# SCORE! I won a Sweetwater Mic Locker



## higgs (Jun 1, 2017)

Just got a call from my Sweetwater rep of >10 years that I won one of the mic locker packages from last month's giveaway. Oh happy days for me!

There were packages I preferred over this one, but I am NOT complaining one bit.


----------



## TheKRock (Jun 1, 2017)

F*** Ya!!!!


----------



## synthpunk (Jun 1, 2017)

Shit! Nice.


----------



## j_kranz (Jun 1, 2017)

That's awesome, congrats! Big fan of Mojave. Enjoy!


----------



## higgs (Jun 1, 2017)

j_kranz said:


> That's awesome, congrats! Big fan of Mojave. Enjoy!



I've had this one lonely MA-200 - she'll be happy to have a friend now. Pretty pumped for the C5 Miktek and WA87 (and really all of them, but those two in particular).


----------



## synthpunk (Jun 1, 2017)

Ashton is a real up and comer. A good pair of ribbons and you might have a collection for Life there.


----------



## Phryq (Jun 1, 2017)

Nice... maybe I should sign up for that!


----------



## higgs (Jun 1, 2017)

Phryq said:


> Nice... maybe I should sign up for that!


I've been entering their monthly giveaways for the last couple of years. They always ask for some little story like, "what is your biggest challenge in mixing," or, "what are the next three microphones you want..." I normally reply with some story about the nuances of Pizza and sandwiches. My rep gets a kick out of the silly notes I leave - they do apparently read those.

BTW- Pineapple on pizza is a travesty and should be illegal.


----------



## Phryq (Jun 2, 2017)

Oh, I just went to sign up. Looks like I need a U.S. address.. :(

I did it anyway, and hopefully if I win, they can ship it to a friend in the U.S.


----------



## higgs (Jun 9, 2017)

I should be getting these today or tomorrow. 

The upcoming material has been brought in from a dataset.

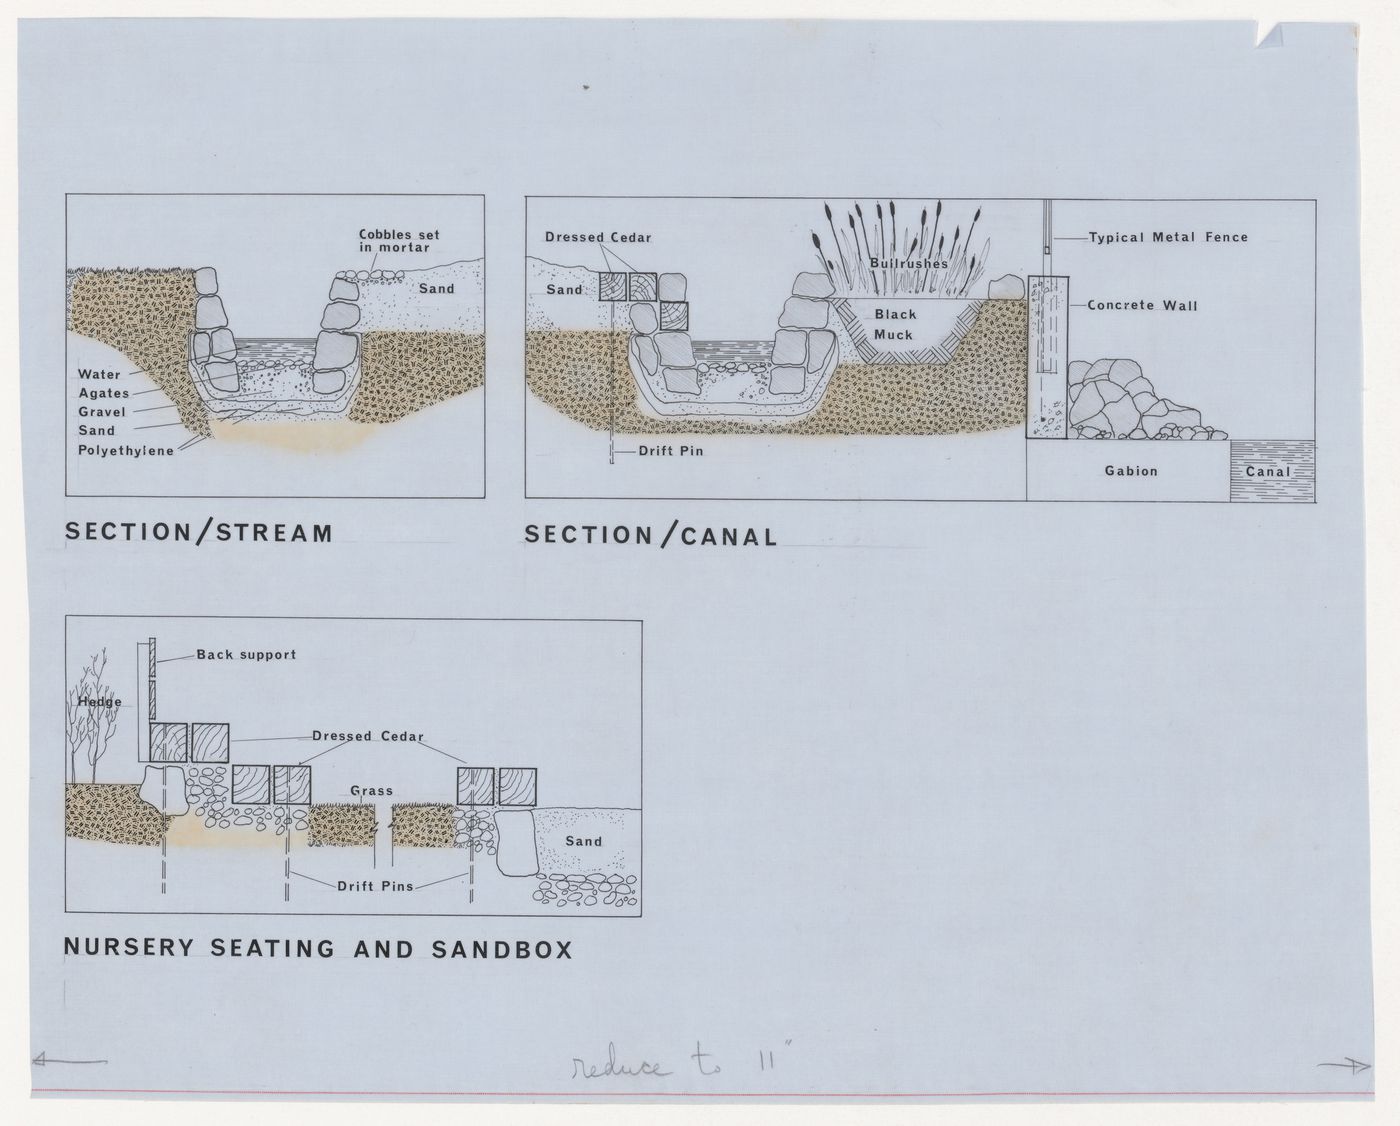 Sections for stream, canal, nursery seating, and sandbox for Children's Creative Centre Playground, Canadian Federal Pavilion, Expo '67, Montréal, Québec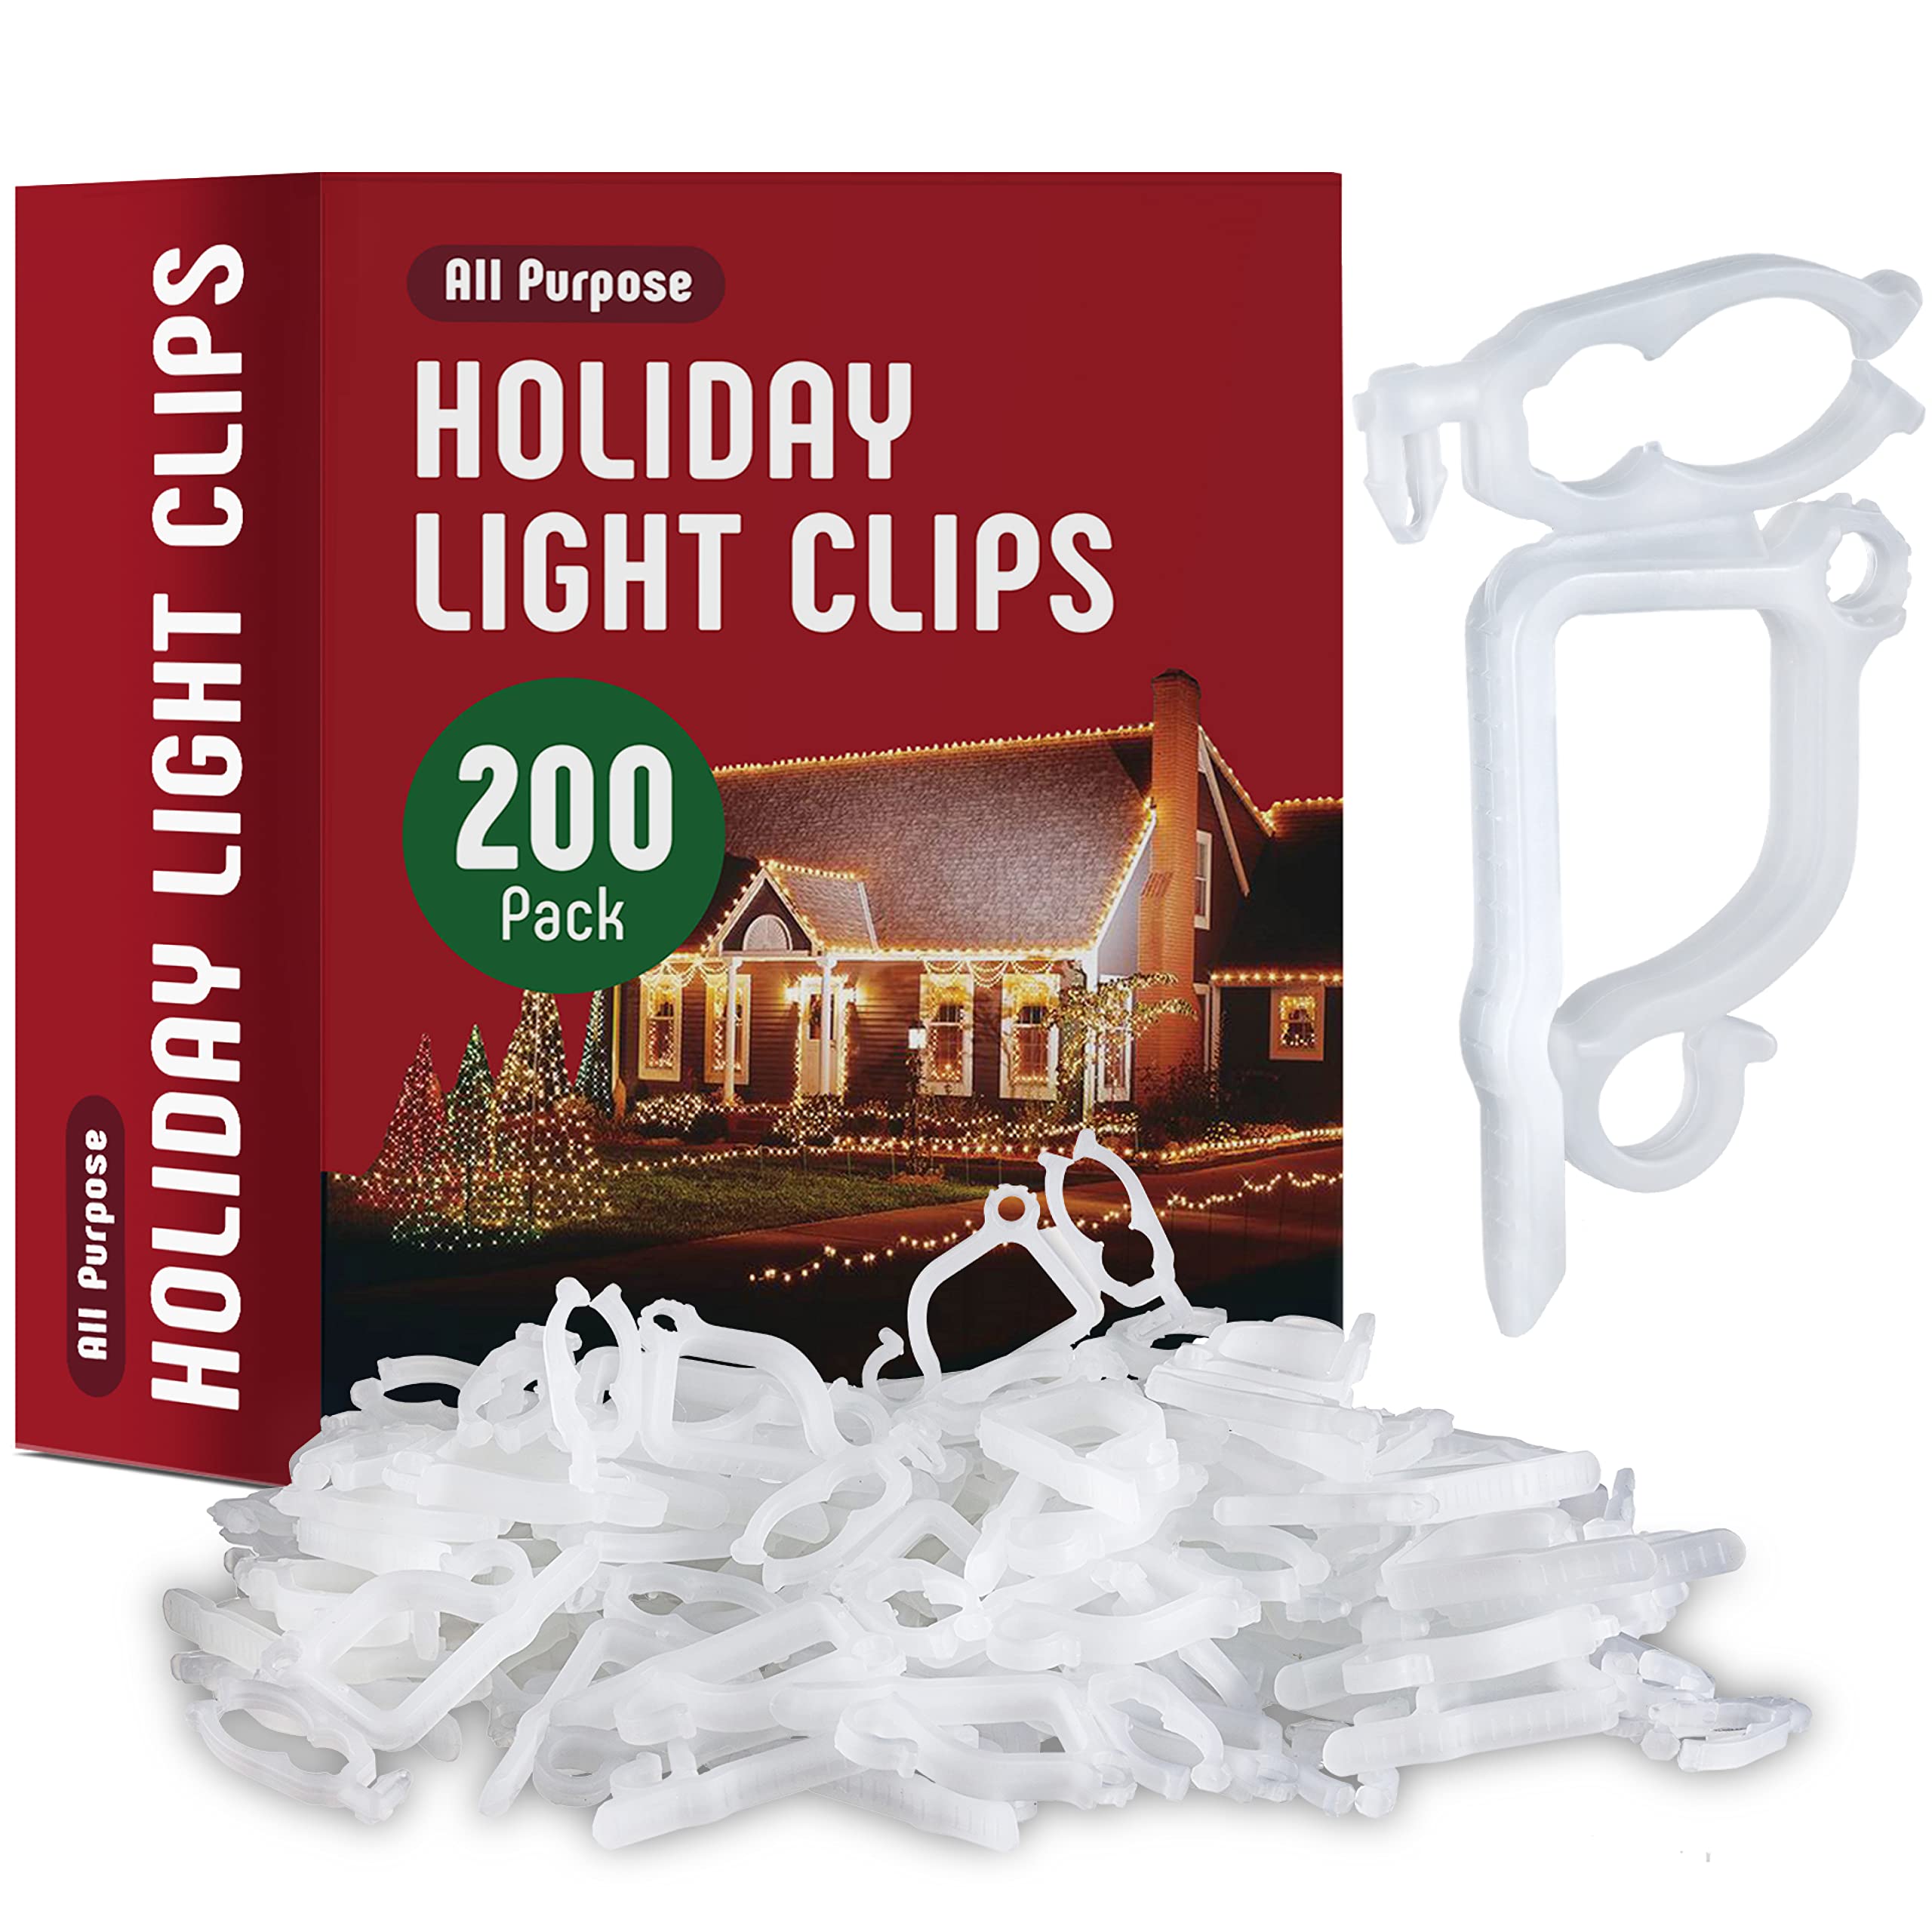 All-Purpose Holiday Light Clips [Set of 200] Christmas Light Clips, Outdoor Light Clips - Mount to Shingles & gutters - Works with Mini, C6, C7, C9, Rope, Icicle Lights - No Tools Required - USA Made

There are a couple I'd like to sell to raise funds for a matched pair of Earthworks QTC40's. I'm in LA thru the 13th if anyone in the area is interested let me know, otherwise I might check with ProAudioLA or Trew Audio. 

Any other suggestions?


----------



## trumpoz (Jun 9, 2017)

There are some awesome mics there.

Though it is one of the cheaper mucs the Rode NT1 punches way above its price range. I know a number of Melbourne guys making great sounds with that mic. It does have some top end that sometimes needs taming.

Ive also heard good things about the Warm Audio mic as well.


----------



## higgs (Jun 9, 2017)

Apparently this is the NT1-kit which is a beast of a different flavor. Rode apparently named it similarly because of Google search results relating to the NT1 - this is according to a sales rep I've known for a long time.

I'm probably most excited to check out the WA, Aston, and Miktek C5. Already have a Mojave MA200 that I absolutely love, but don't really feel the need to have a stereo set. The new one's going to find a new home soon to help with the Earthworks. 

Anyhow thanks for geeking out with me on this stuff, folks. It'd be sad to not have a group of people to share the excitement with.


----------



## Astronaut FX (Jun 9, 2017)

Congrats! Give those Mojaves a try, they're the best of that package IMO.


----------



## synthpunk (Jun 11, 2017)

Let us know what you think of the warm audio 87 clone. Cheers


----------



## higgs (Jun 12, 2017)

You bet, synthpunk.


----------



## guydoingmusic (Jun 12, 2017)

Congrats on the win!!!!


----------



## higgs (Jul 29, 2017)

I'll be Keeping the Aston Spirit and WA87.

My #1 favorite out of the group is the Spirit. Running that through my Chandler Germanium Pre is my favorite personal vocal sound to date (speaking of my own vox). The WA87 is a close second, but that Aston + Chandler combo is hot as Betelgeuse.

Speaking to the more expensive mics in the package: I've owned a Mojave MA200 for several years now, but I don't like it as much as the Spirit - oddly. Tone is subjective I reckon, but I felt giddy and inspired singing into the Spirit.


----------